Super Bowl madness overruns Tampa on big day

Click here for more on this story
Posted: Sunday January 28, 2001 3:52 PM
Updated: Sunday January 28, 2001 8:38 PM

  Steve Sanzaro Steve Sanzaro resorts to begging in hopes of scoring a ticket for Super Bowl XXXV. AP

TAMPA, Fla. (AP) -- Under clear blue skies, hundreds of thousands of spectators converged onto Super Bowl XXXV on Sunday for the biggest football party of the year.

With excitement of the championship game building minute by minute, neither sky-high ticket prices nor traffic jams hindered the celebration in the hours before the New York Giants took on the Baltimore Ravens at 6:25 p.m. EST.

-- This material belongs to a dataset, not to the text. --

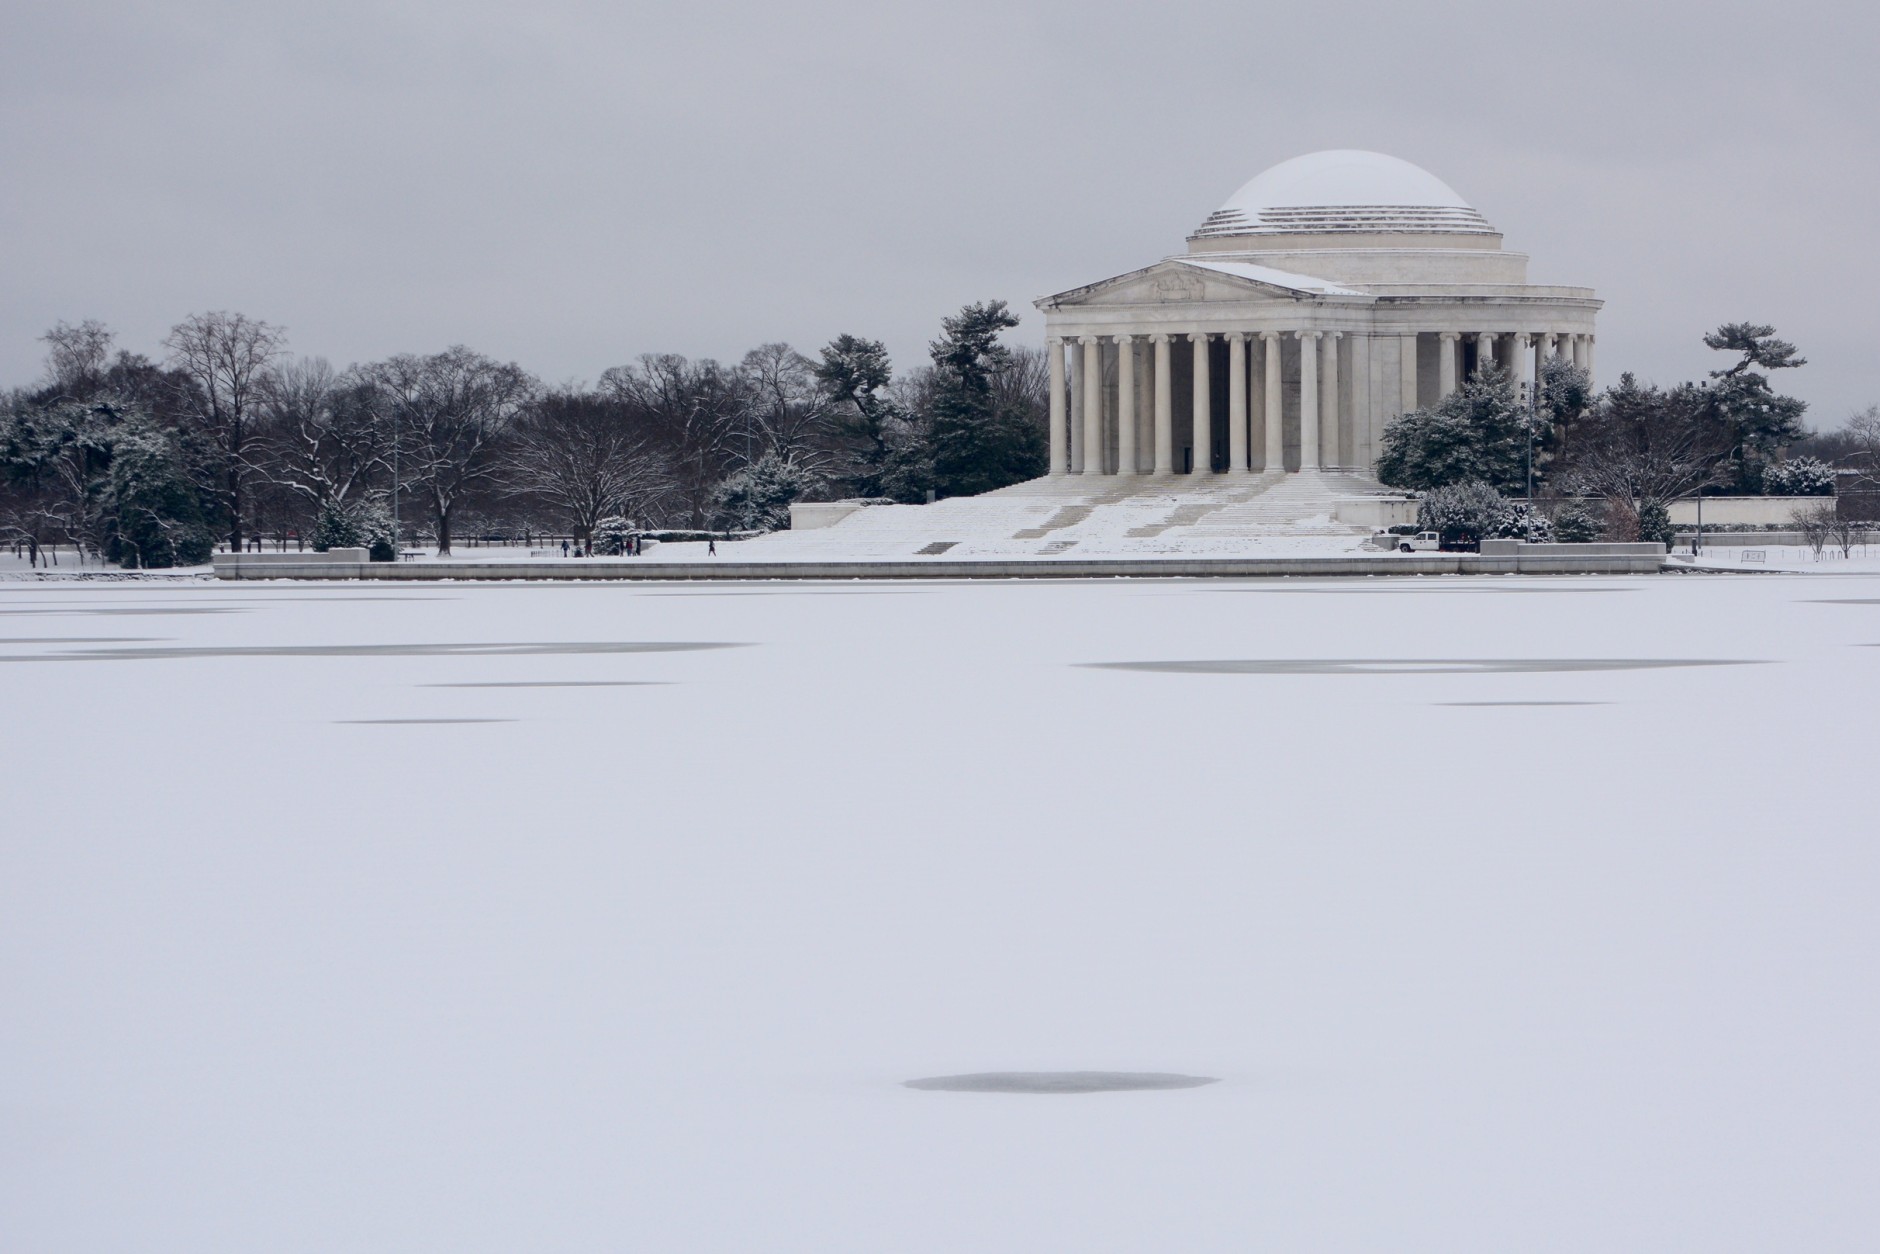 A snowy view of the Jefferson Memorial on Monday, Feb. 15, 2016. (WTOP/Dave Dildine)

The morning air was thick with smoke from tailgate barbecues as the crowd grew, including thousands who didn't have tickets for the game but wanted to be in the center of the frenzied celebrations anyway.

They included Tom Januska of San Diego, who planned to use $500 he borrowed from his infant son's college fund to buy a ticket Sunday to his 12th Super Bowl game. He said he was confident he'd be inside the stadium by the time the game began.

Januska, a Redskins fan, said scalpers were charging about $2,800 for seats at the top of Raymond James Stadium, but he was willing to search all day for a better seat or a better deal.

Scenes from Tampa's Super Bowl celebration
TAMPA, Fla. (AP) -- Vendor Dave Ambrosia set up a tent Wednesday to sell NFL and Super Bowl souvenirs. The cost to rent it for five days: $25,000.

"Business is fair," Ambrosia said. "About as good as we expected."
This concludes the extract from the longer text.